**TASK GOAL:** Restate all the data word for word and omit the pictures.

─── DATASET EXTRACT ───

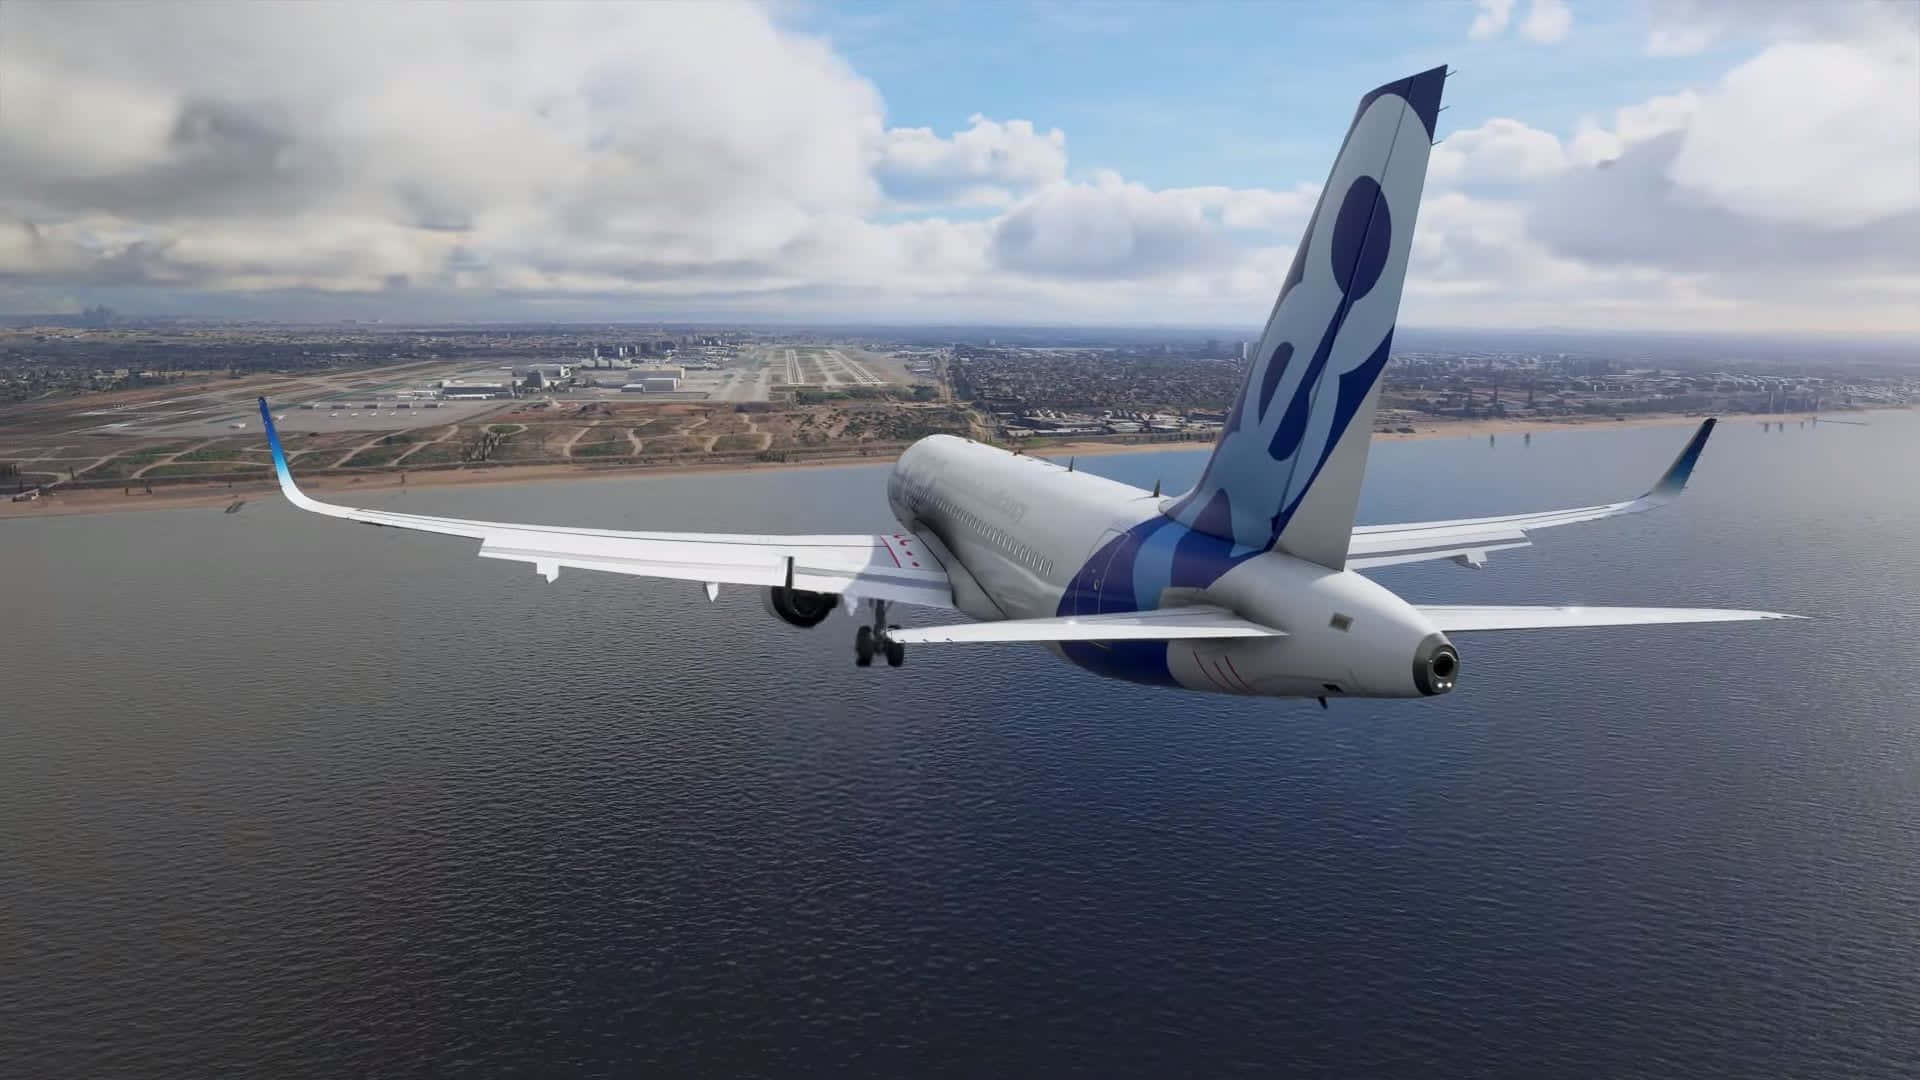 The Ultimate Flying Adventure with Microsoft Flight Simulator
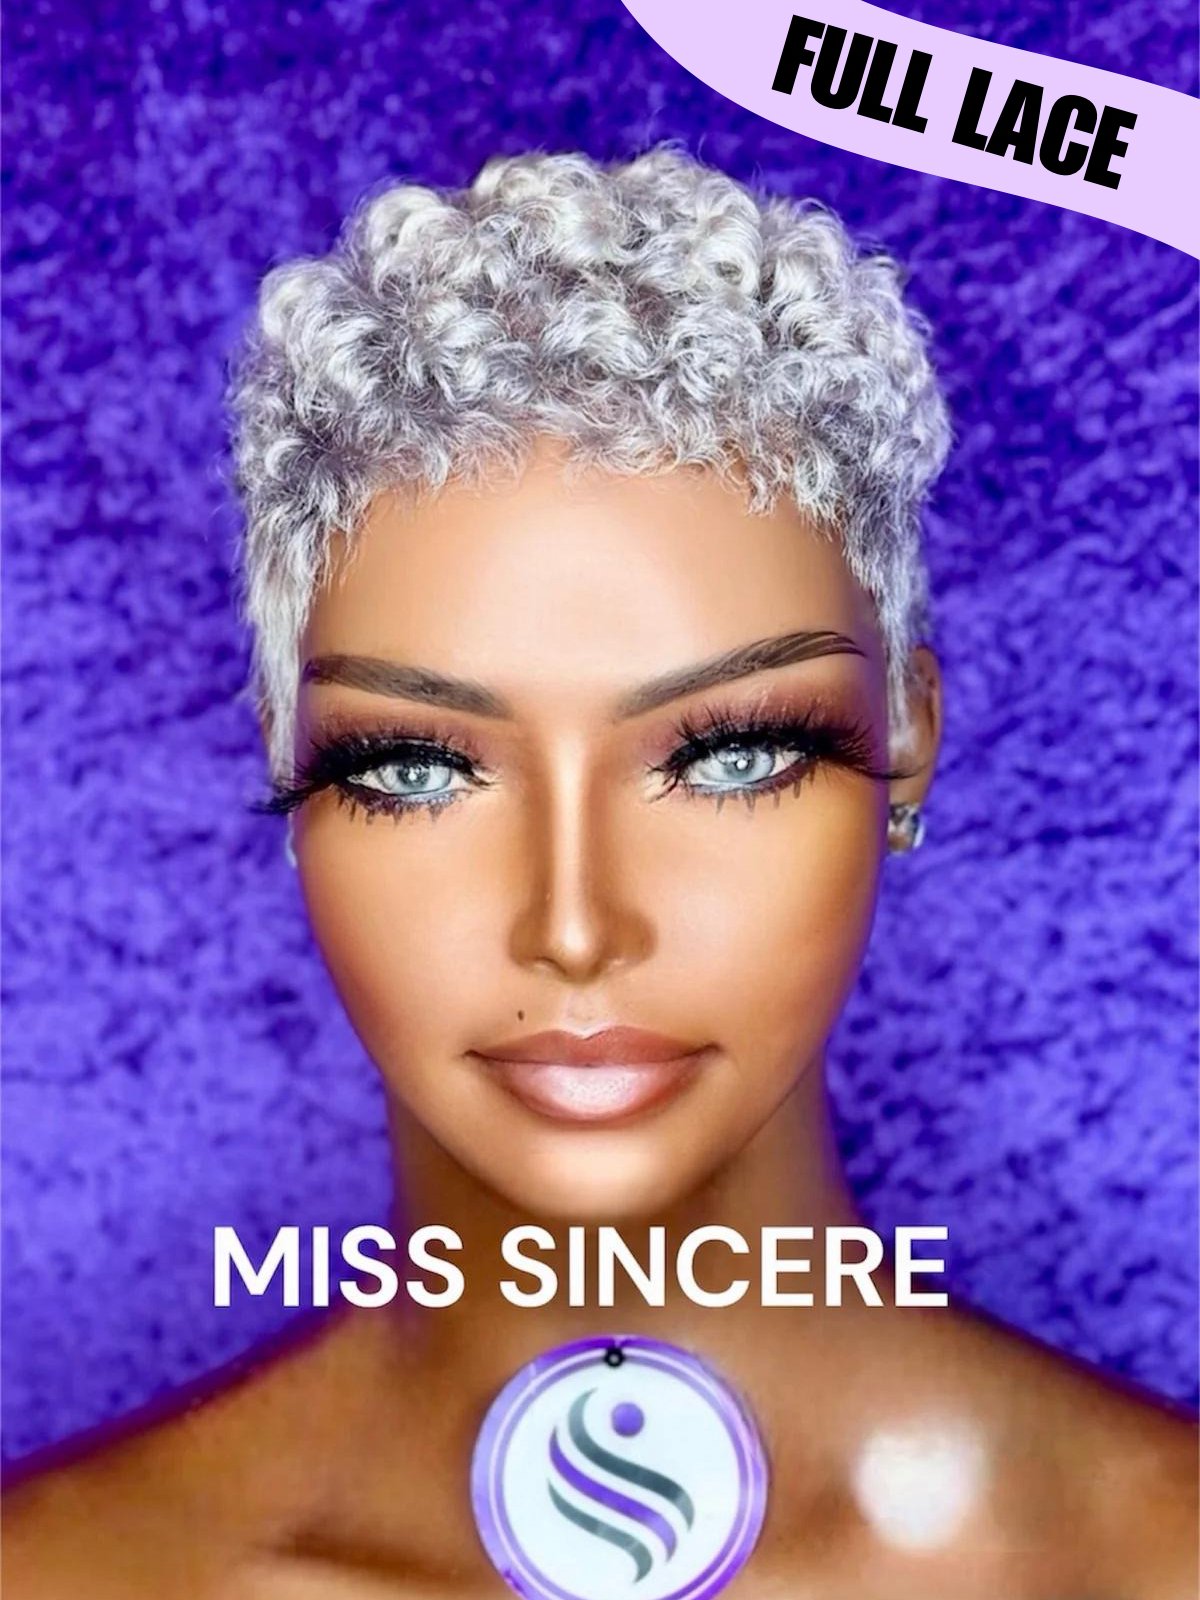 MISS SINCERE FULL LACE - Signature Specialty Salon
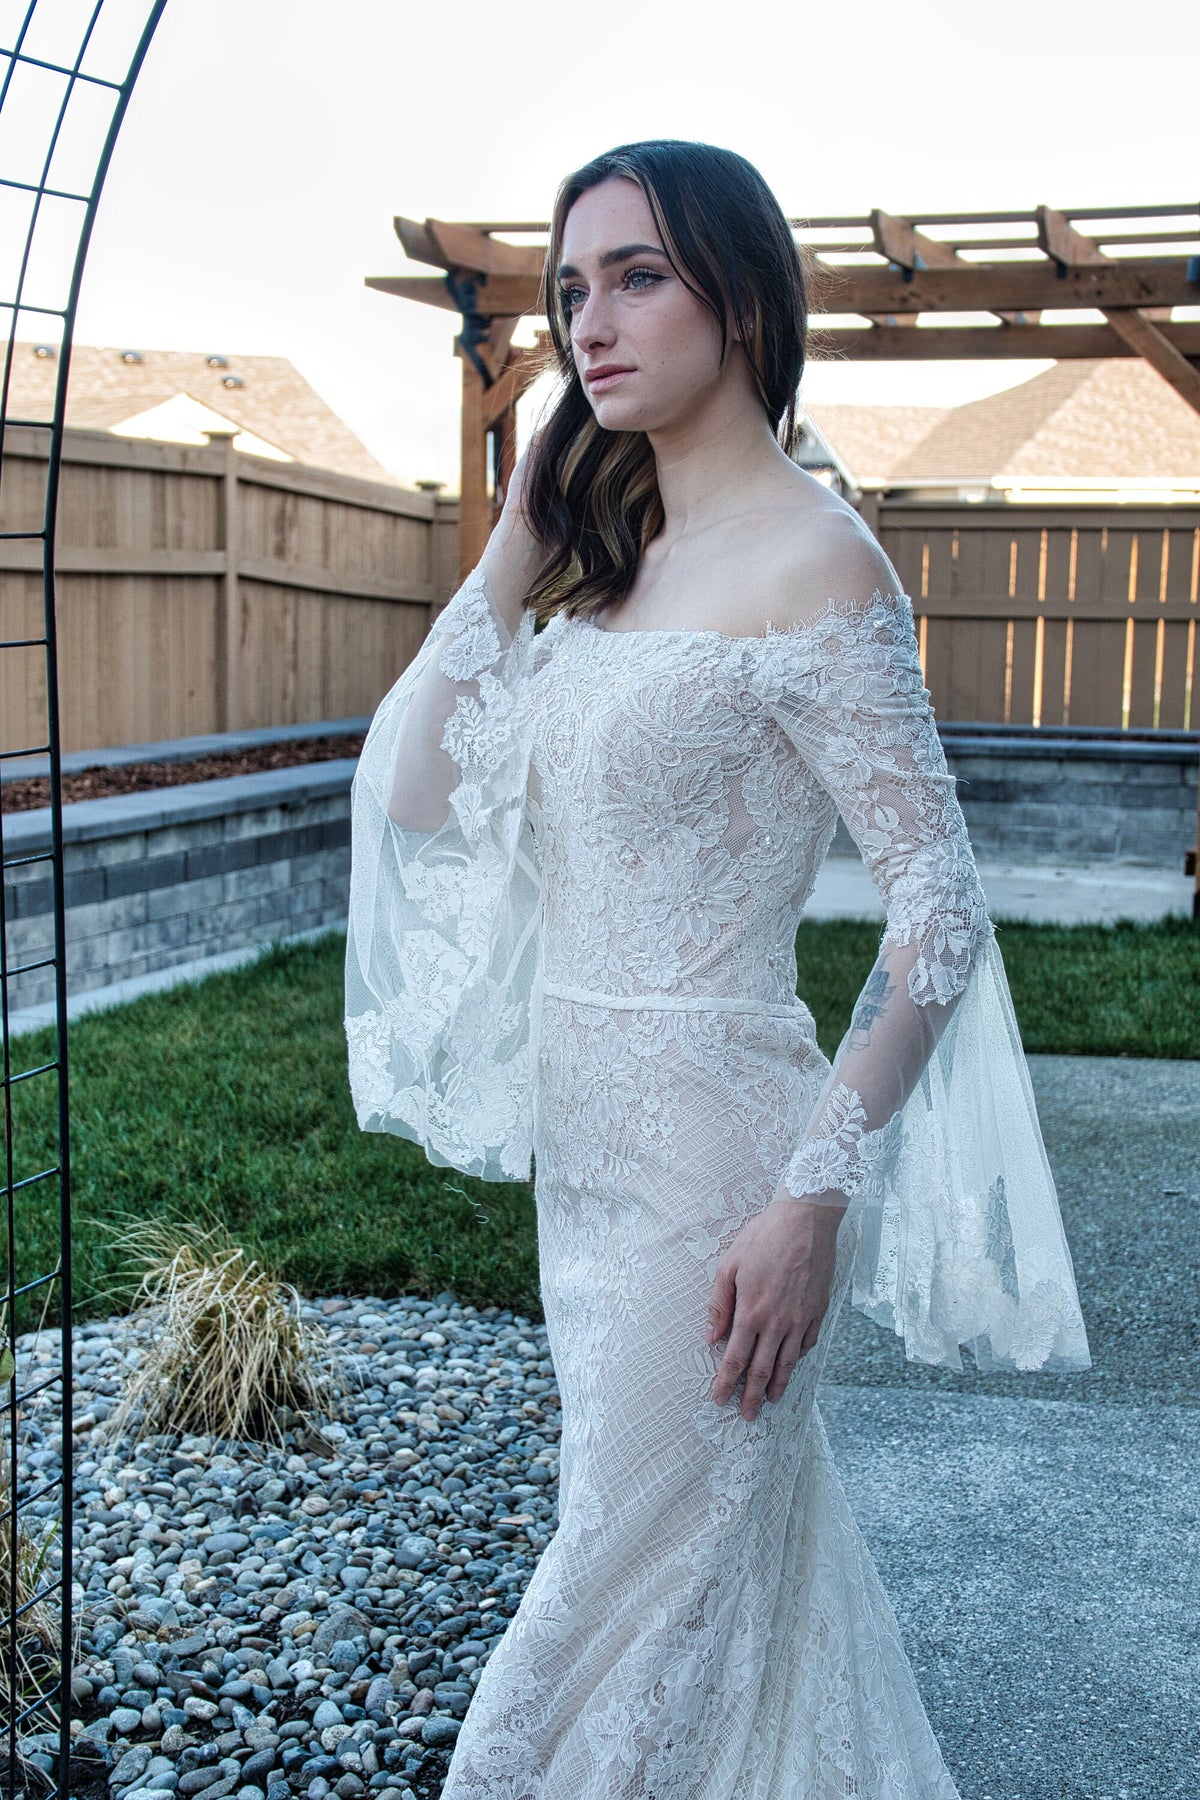 Beautiful Lace Off the Shoulder Long Sleeve Straight Neckline Mermaid Fit and Flare Wedding Dress Bridal Gown All Over Lace Vintage Style

───

**THE ANSWER:**
 The Ultimate Flying Adventure with Microsoft Flight Simulator
 MISS SINCERE FULL LACE - Signature Specialty Salon
 Beautiful Lace Off the Shoulder Long Sleeve Straight Neckline Mermaid Fit and Flare Wedding Dress Bridal Gown All Over Lace Vintage Style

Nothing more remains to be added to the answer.